NMSU partnered with Universidad de La Salle in Bogota, Colombia, to win an Innovation Fund Grant last year. NMSU’s Office of International and Border Programs spearheaded the grant “Leaders Innovating for the Reinvention of an Agricultural Sustainable Region in Peace,” which proposed the exchange between students and faculty at NMSU and La Salle’s Utopia campus.

Since its inception in January 2014, 38 Innovation Fund grants have been awarded to teams of 109 higher education institutions from 12 countries in the Western Hemisphere.

As part of the reciprocal exchange, a group from NMSU visited the Utopia campus in Yopal, Colombia, last November to address irrigation issues.

“These kids at the Utopia project have to go out on a daily basis, starting their day at 5:30 in the morning, to go in the field and water the banana trees, the coca trees by hand with only a bucket,” said Mick O’Neill, an agronomy professor at the Agricultural Science Center at Farmington, who led the NMSU group’s visit to Colombia. “It’s an amazing challenge these kids have. So our job was to develop an irrigation design they could use to minimize that work and have a chance to do other things on the campus.”

La Salle President Hermano Carlos Gabriel Gomez, also known as Brother Carlos, created the program, which carefully selects disadvantaged young people to attend the Utopia campus who otherwise might never get a college education. The first group of students graduated from the university as agricultural engineers last year.

“What he wants is to give these students who have just really been victims, is to give them a chance,” said Menking, who has known Gomez for five years. “By design this campus was put in this area of Yopal, a hotbed of narcotics industry at one point. The land itself is the story of this region because it was a family farm, then it was taken over by rebel forces for many years and somehow it ended up in the church’s hands and Brother Carlos managed to convert it into this rural campus.”

Menking described the novel nature of the college program, which seeks to educate the students and return them to their villages to promote sustainable improvements for their home communities.

“In their third year, they go back to their village to do a preliminary visit, feasibility study and they come back in their senior year preparing the feasibility study and then when they graduate they go back and implement the project,” Menking said. “That is one of the main things. They go back to where they’re from and they serve those areas and they develop the area in legitimate ways through agricultural economics.”

President Barak Obama created the 100,000 Strong in the Americas initiative is to encourage a globally competent work force by creating new or building on existing partnerships which increase study abroad opportunities for students going to and from Latin America, the Caribbean, Canada and the United States. 

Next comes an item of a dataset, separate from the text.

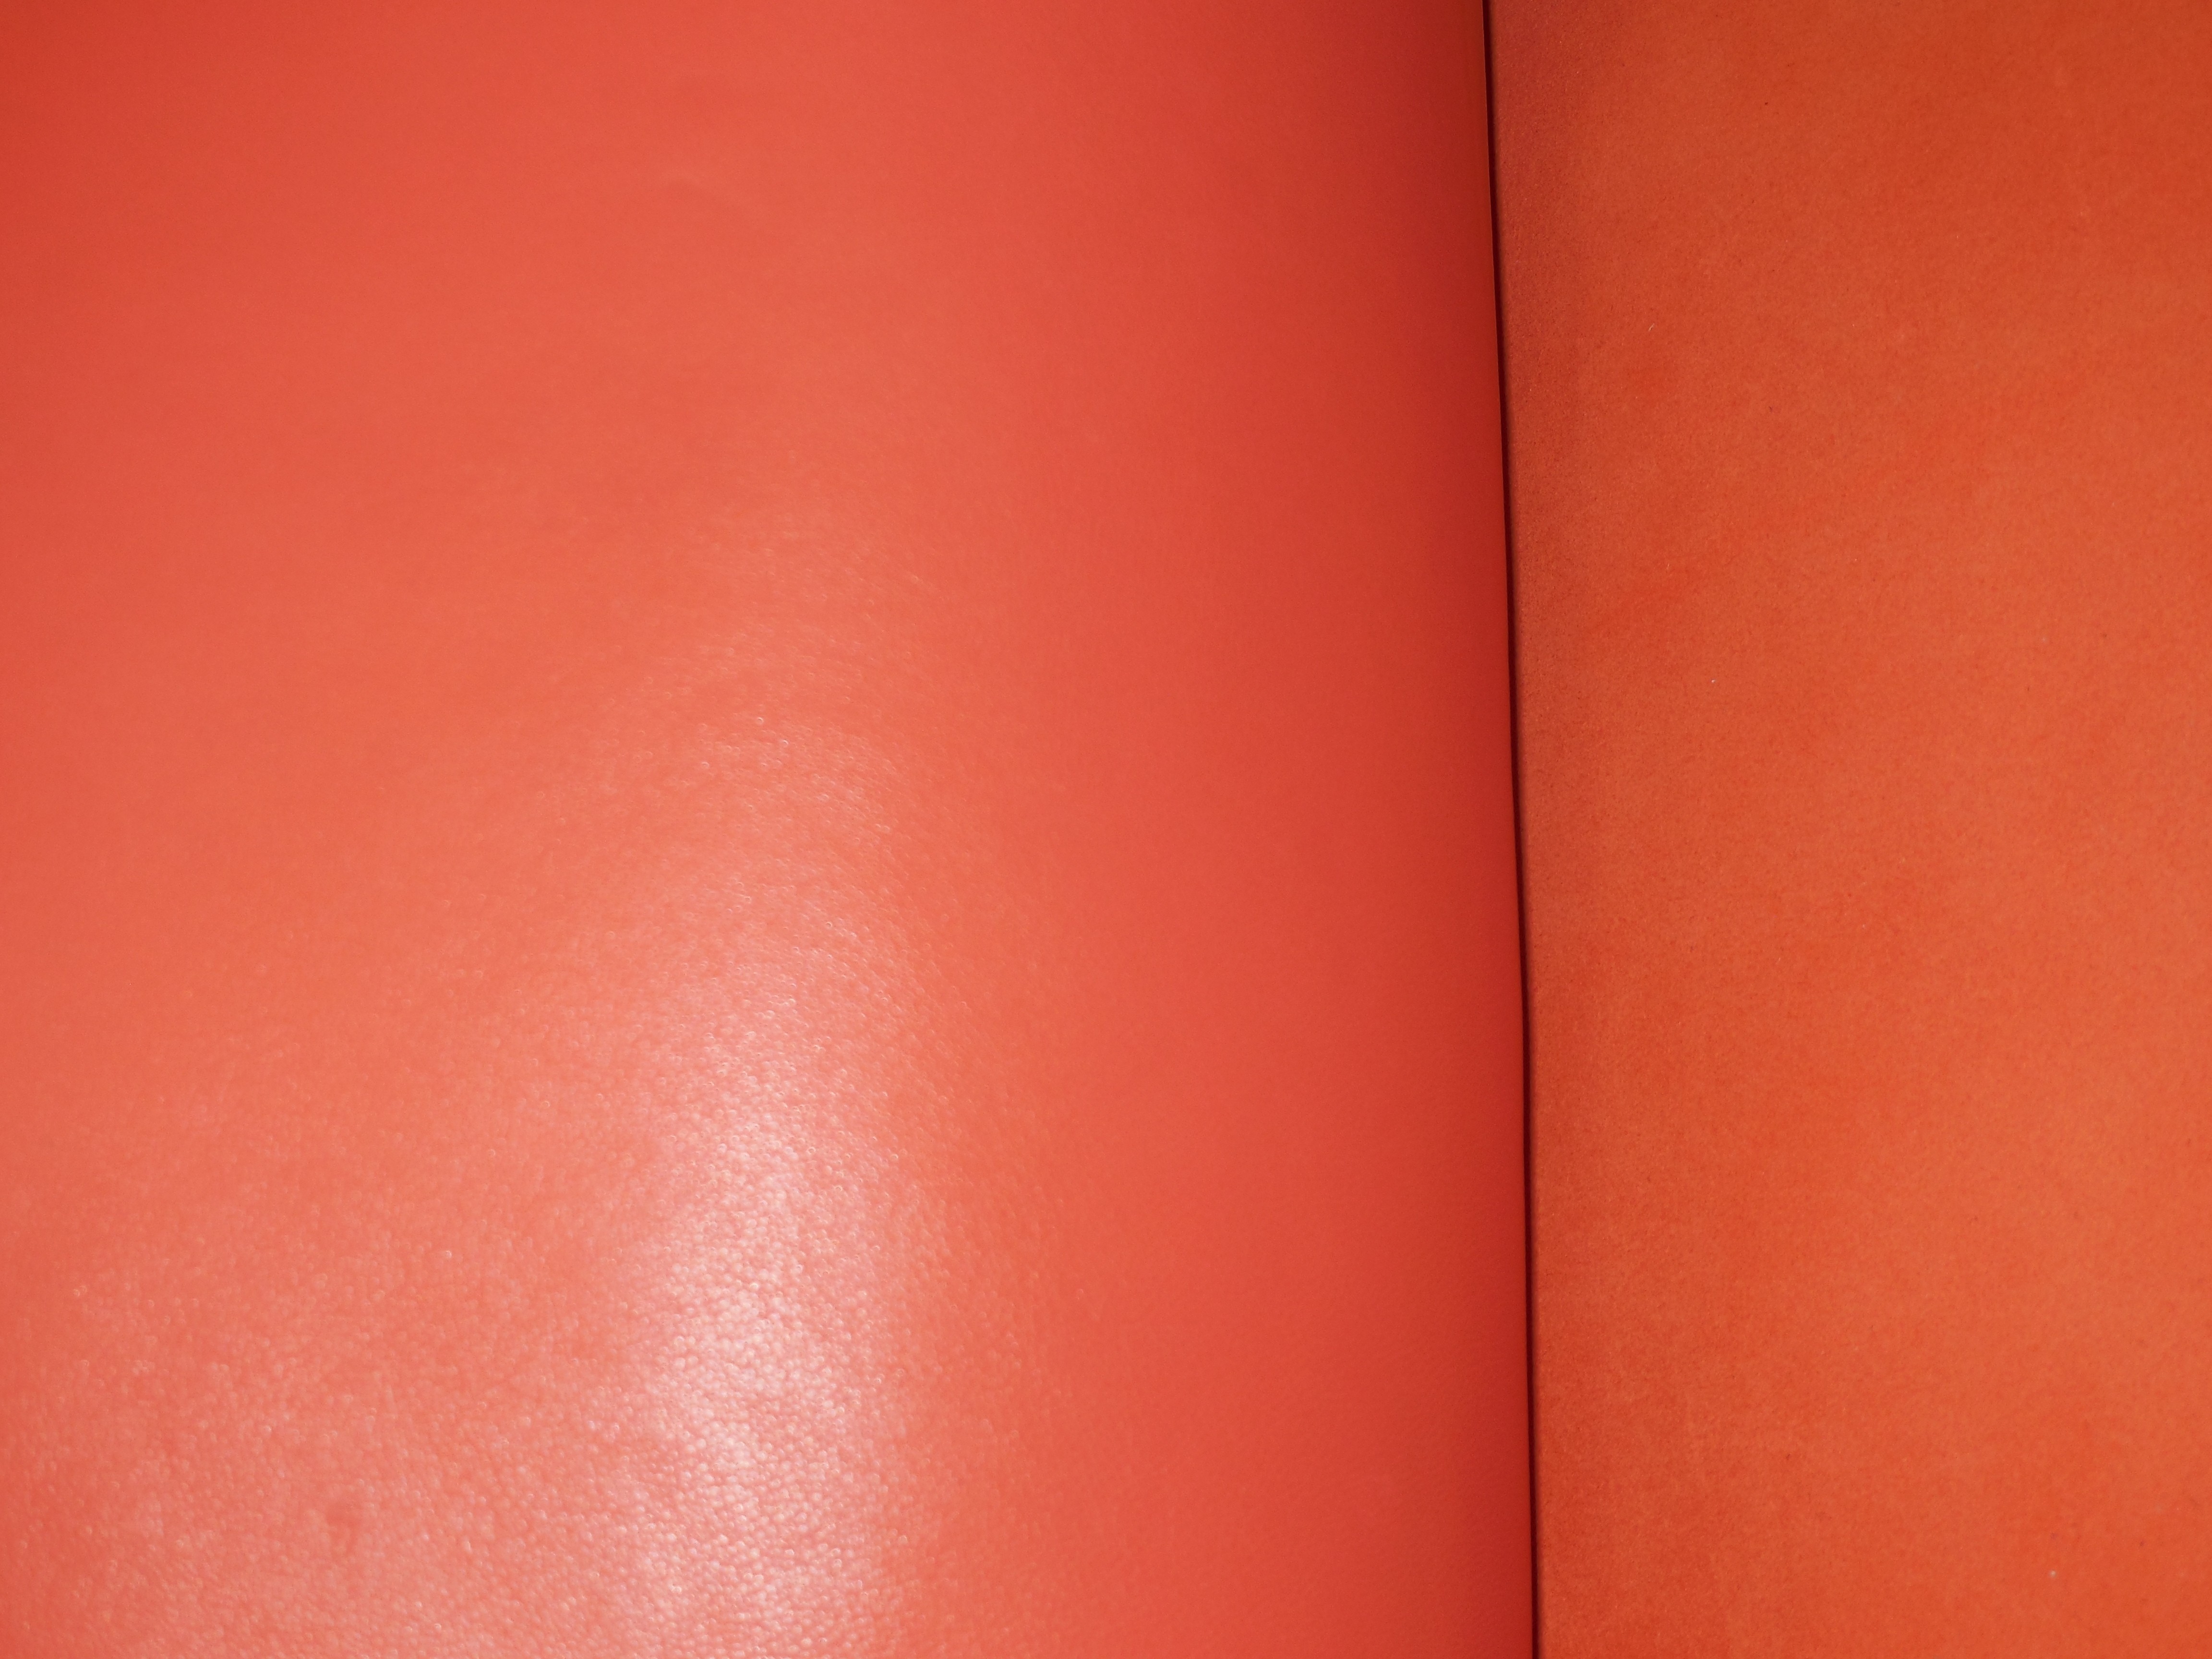 Sukienka ze skóry naturalnej pomarańczowa - spódnica ze skóry naturalnej pomarańczowa, żakiet ze skóry naturalnej pomarańczowy - skóry naturalne cienkie w Leather-design.eu

The goal is to increase the number of students from the Western Hemisphere studying in the U.S. by 100,000 and to have an equal number of U.S. students studying in those countries by 2020.

Menking points to NMSU’s exchange with the Utopia campus as a model for university partnerships that can make a significant difference.

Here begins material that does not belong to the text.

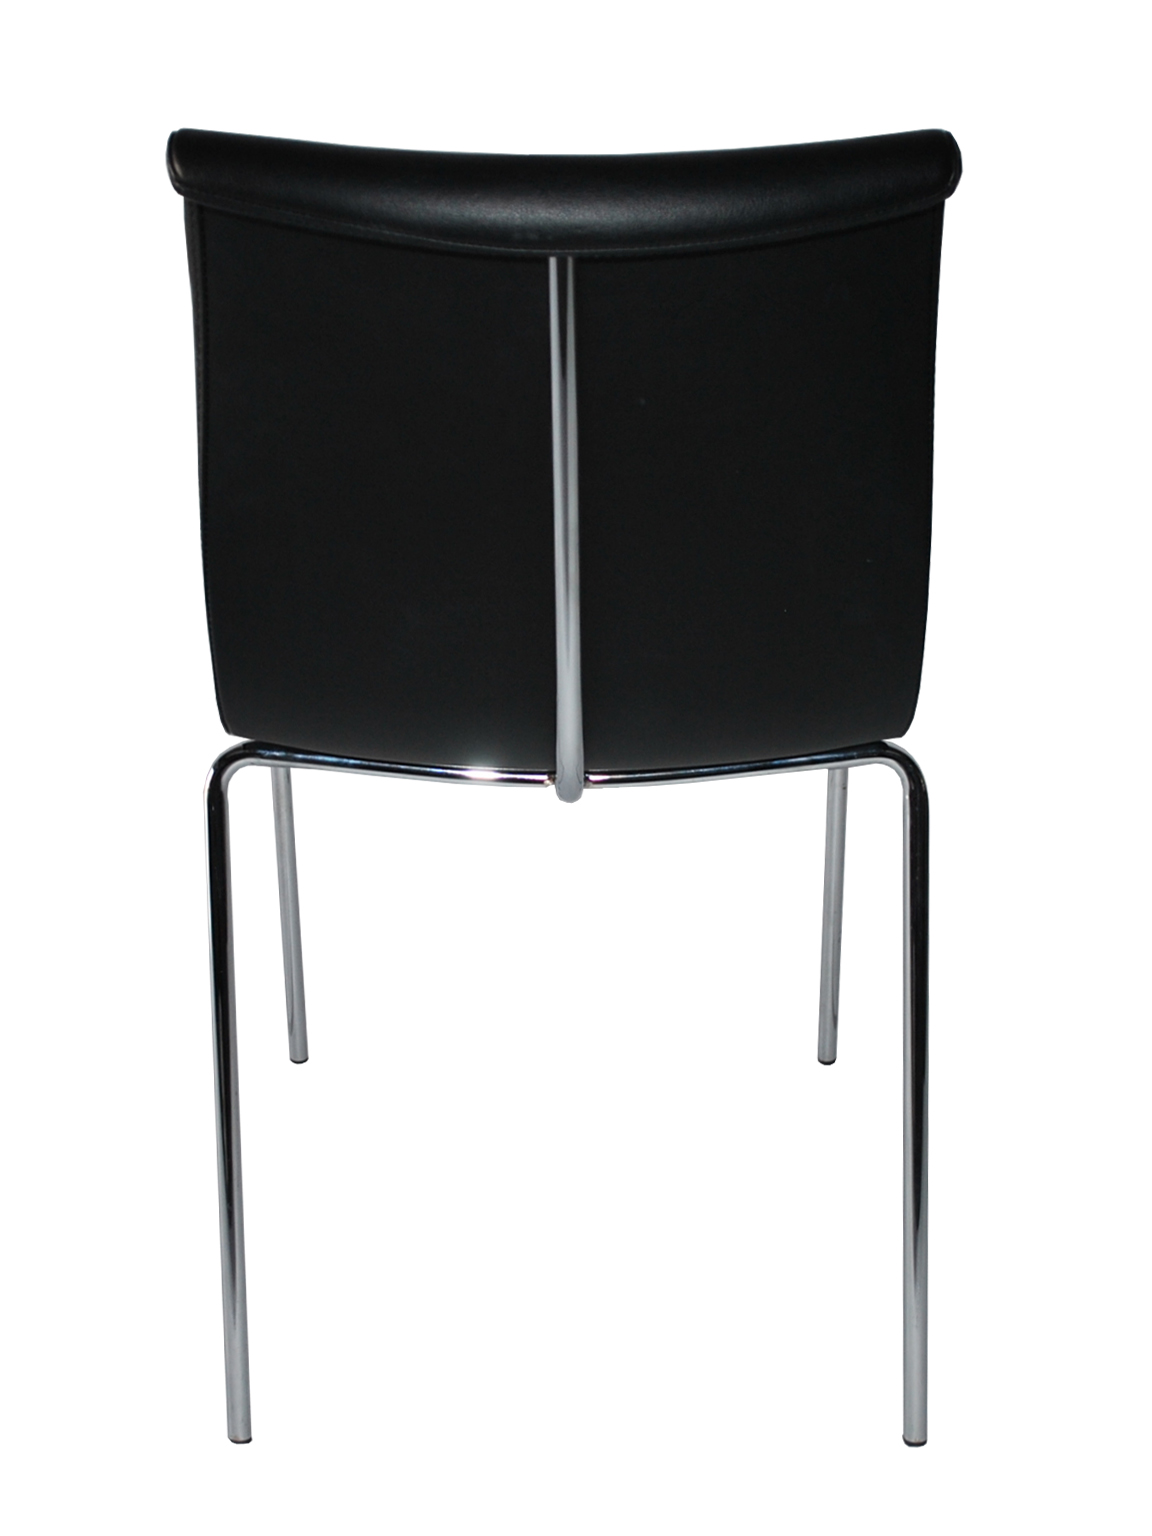 zwart leder stapel stoel afb 3-groot-vert-1152×1536

“The real exciting thing will be five or 10 years down the road when we can look back and say ‘look at this entire industry that’s grown up in this random little remote village’ and it all started with choosing a student who had potential and now look what’s become of it,” Menking said.

The Utopia students’ activities at NMSU during their two-week stay will include classes in irrigation, plant pathology, soils and livestock, among other things. The team also will visit the Elephant Butte irrigation district.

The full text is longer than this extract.